EDIT: (you still do not get your own question and my answer in http://www.internationalskeptics.com/forums/showpost.php?p=6349487&postcount=11598).

You gave no answer, just a question indicating that you did not read or simply did not understand the reference you later cited in support of a false statement related to your question.

So Doron show us that you actually read and understood the reference you cited by showing where it claimed anything about “no definable result to aleph1 - aleph0” as you claimed in your post that cited that reference?

 

[doronshadmi]

Are the simple relational and conditional statements in that quote just too complex for you to actually apply?

Is the simple x < ∞ just too complex for you to actually apply?

You gave no answer, just a question indicating that you did not read or simply did not understand the reference you later cited in support of a false statement related to your question.

This question is exactly the answer, which you don't get.

 

[doronshadmi]

It will be unique (and equal to σ) if and only if μ < σ.

The Man, since μ can be also infinite, then if, for example, σ=aleph1 and μ=aleph0, then what is the exact result of aleph1 - aleph0 ?

Another question: what is the exact result of aleph0-aleph0 ?

 

[epix]

You have missed my claim.

My claim is that "=" and "A" are not the same thing ("=" represents the observer and "A" represents the observed) and because of this difference observation is possible.

See what happens when claims take over definitions?

Originally Posted by doronshadmi
If the observer and the observed are identical, then there is no observation, and the expression "under observation" is false.

If there is no observation that builds premises, then there is no conclusion. What decides that the expression under no observation is false? What is the "concluder?"

The standard math allows to look at the mirror and conclude. That's why organic mathematicians must grow beards and they do it the healthy way -- no chemical fertilizers. BUT...!

The Barber paradox is a puzzle derived from Russell's paradox. It was used by Bertrand Russell himself as an illustration of the paradox, though he attributes it to an unnamed person who suggested it to him. It shows that an apparently plausible scenario is logically impossible.

Suppose there is a town with just one male barber; and that every man in the town keeps himself clean-shaven: some by shaving themselves, some by attending the barber. It seems reasonable to imagine that the barber obeys the following rule: He shaves all and only those men in town who do not shave themselves.
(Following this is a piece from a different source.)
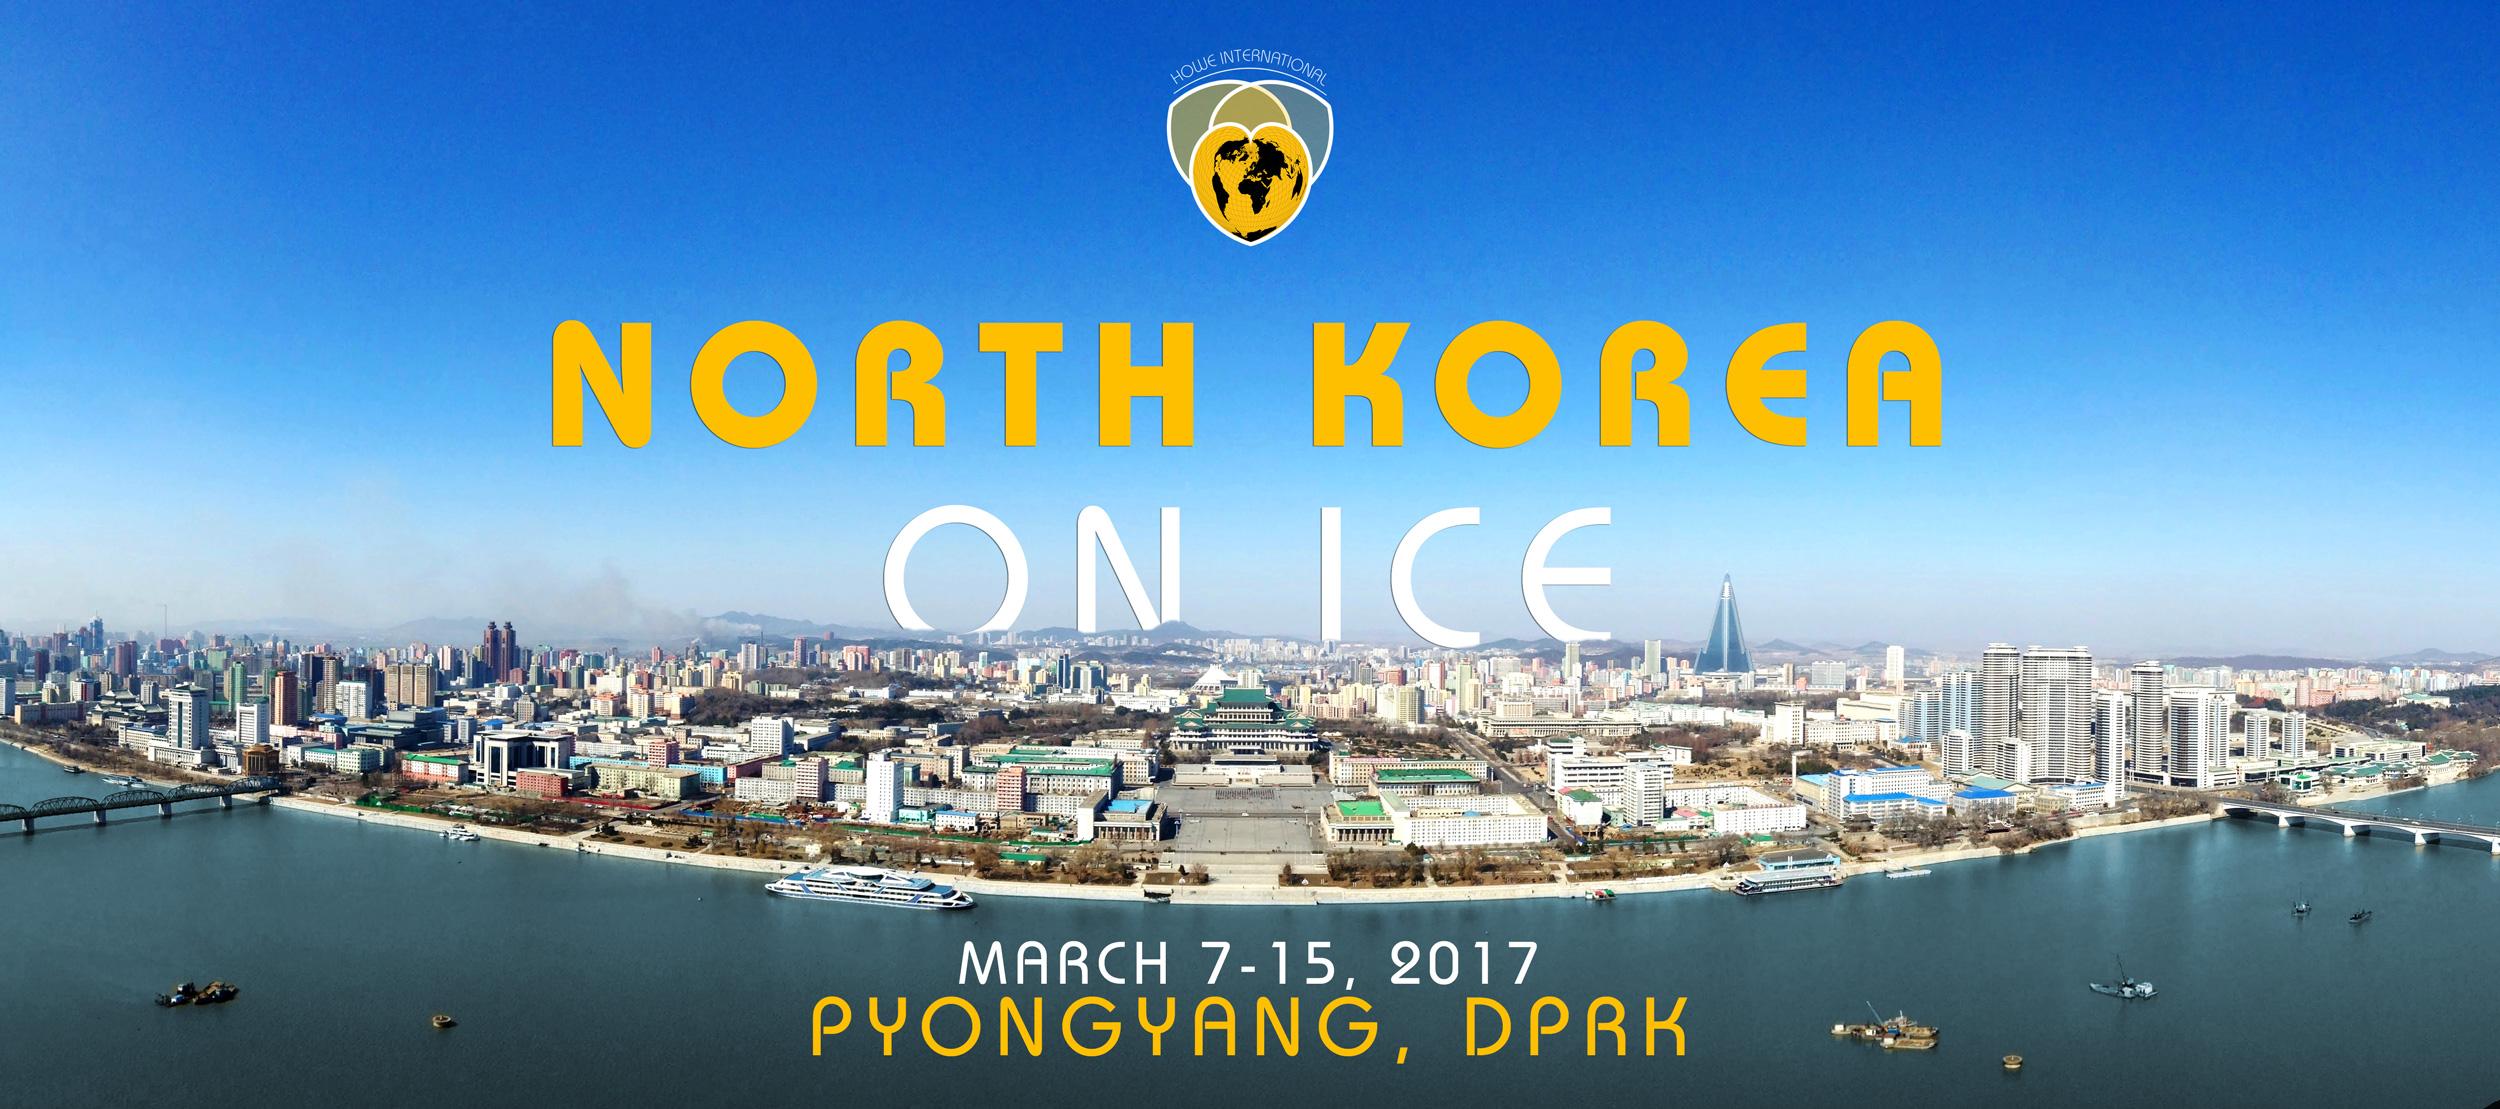 http://www.marketwire.com/library/MwGo/2016/12/7/11G124450/Images/Pyongyang_Announcement2-d4163b61f6a4bfa3a707795dc12dc5e9.jpg

Under this scenario, we can ask the following question: Does the barber shave himself?

Asking this, however, we discover that the situation presented is in fact impossible:

If the barber does not shave himself, he must abide by the rule and shave himself.
If he does shave himself, according to the rule he will not shave himself.

Hence the organic beards?

 

[doronshadmi]

Suppose there is a town with just one male barber; and that every man in the town keeps himself clean-shaven: some by shaving themselves, some by attending the barber. It seems reasonable to imagine that the barber obeys the following rule: He shaves all and only those men in town who do not shave themselves.

Under this scenario, we can ask the following question: Does the barber shave himself?
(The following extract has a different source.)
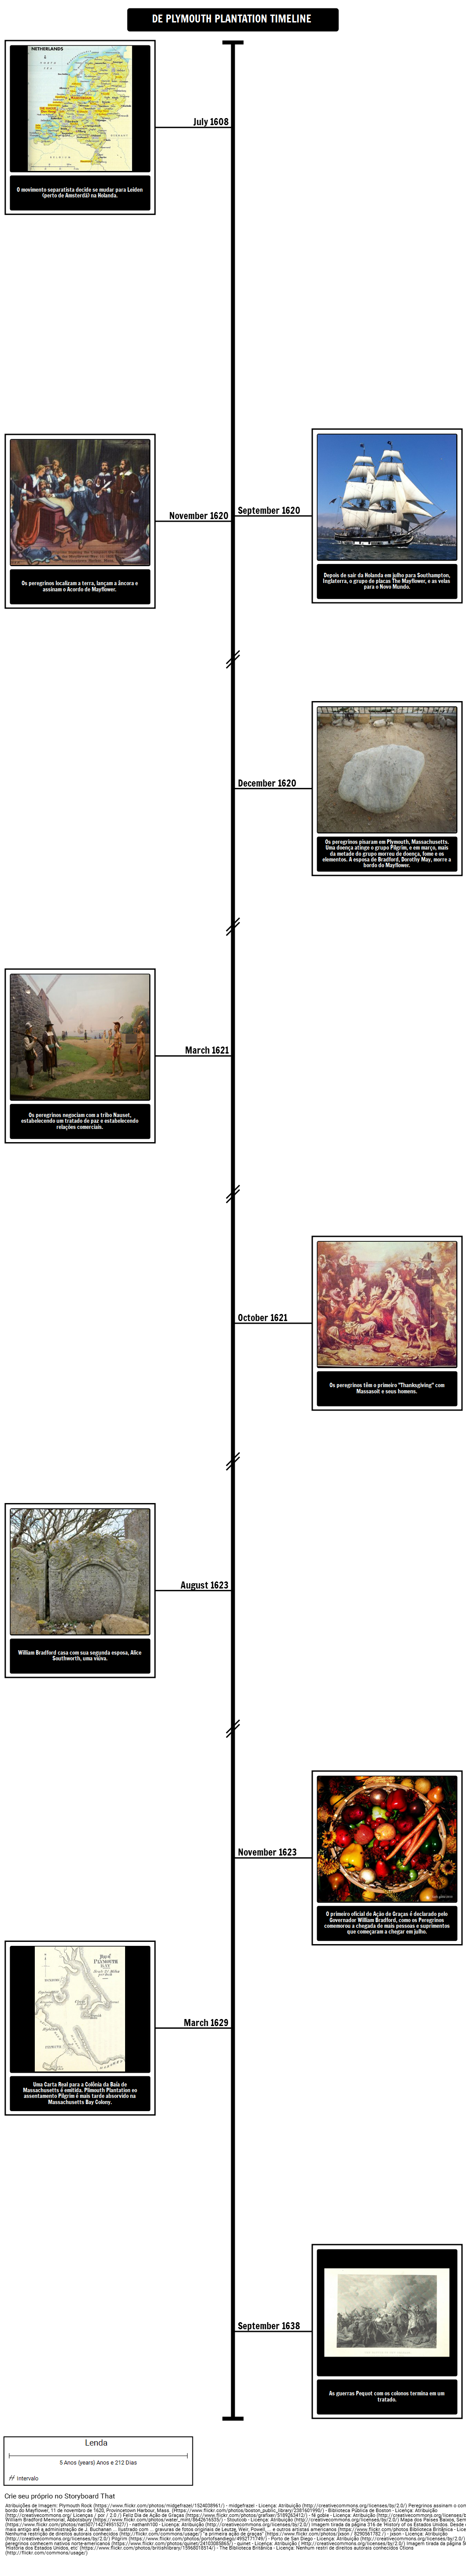 De Plymouth Plantation Timeline

Asking this, however, we discover that the situation presented is in fact impossible:

If the barber does not shave himself, he must abide by the rule and shave himself.
If he does shave himself, according to the rule he will not shave himself.

This scenario is based on the assumption that the shaved (the beard) is identical to the shaver, which is a false assumption.

Since any member (where one of them is the beard) of "that has no successor" is not identical to "that has no successor" then that has ∞ "magnitude of existence" (the shaver), is not identical to that has x "magnitude of existence" (the beard).

Again, the beard belongs to the shaver but it is not identical to the shaver.

By understanding x < ∞, there is no paradox.

 

[doronshadmi]

If the axiom of choice holds and given an infinite cardinal σ and a cardinal μ, there will be a cardinal κ such that μ + κ = σ if and only if μ ≤ σ. It will be unique (and equal to σ) if and only if μ < σ.

( http://en.wikipedia.org/wiki/Cardinal_arithmetic#Subtraction )

So κ is unique only if κ = σ and μ < σ. In that case k does not change the fact that μ < σ.

The Man, the result of κ = σ has nothing to do with result of σ - μ, so please tell us what is the exact result of σ - μ?

 

[doronshadmi]

Suppose there is a town with just one male barber; and that every man in the town keeps himself clean-shaven: some by shaving themselves, some by attending the barber. It seems reasonable to imagine that the barber obeys the following rule: He shaves all and only those men in town who do not shave themselves.

Under this scenario, we can ask the following question: Does the barber shave himself?

Asking this, however, we discover that the situation presented is in fact impossible:

If the barber does not shave himself, he must abide by the rule and shave himself.
If he does shave himself, according to the rule he will not shave himself.

There is another solution of the barber's paradox that usually is understood as a contradiction (The barber shaves AND does not shaves himself, according the rule).

According to QM two opposite states can be in a superposition. In that case "The barber shaves AND does not shave himself" describes the barber in terms of superposition, and by this term there is no paradox.

Russel's paradox is a direct result of distinct identities that share the same level of existence, and this kind of existence (called "flat-land" by me) is definitely not a general model for any possible universe.

In other words, Russel's paradox is limited to "flat-land" universe.

 

[The Man]

The self-contradictory, nonsense-only, deliberate ignorance-only, is a direct result of your relative-only framework, that can't get totalities like "that has no successor or "that has no predecessor".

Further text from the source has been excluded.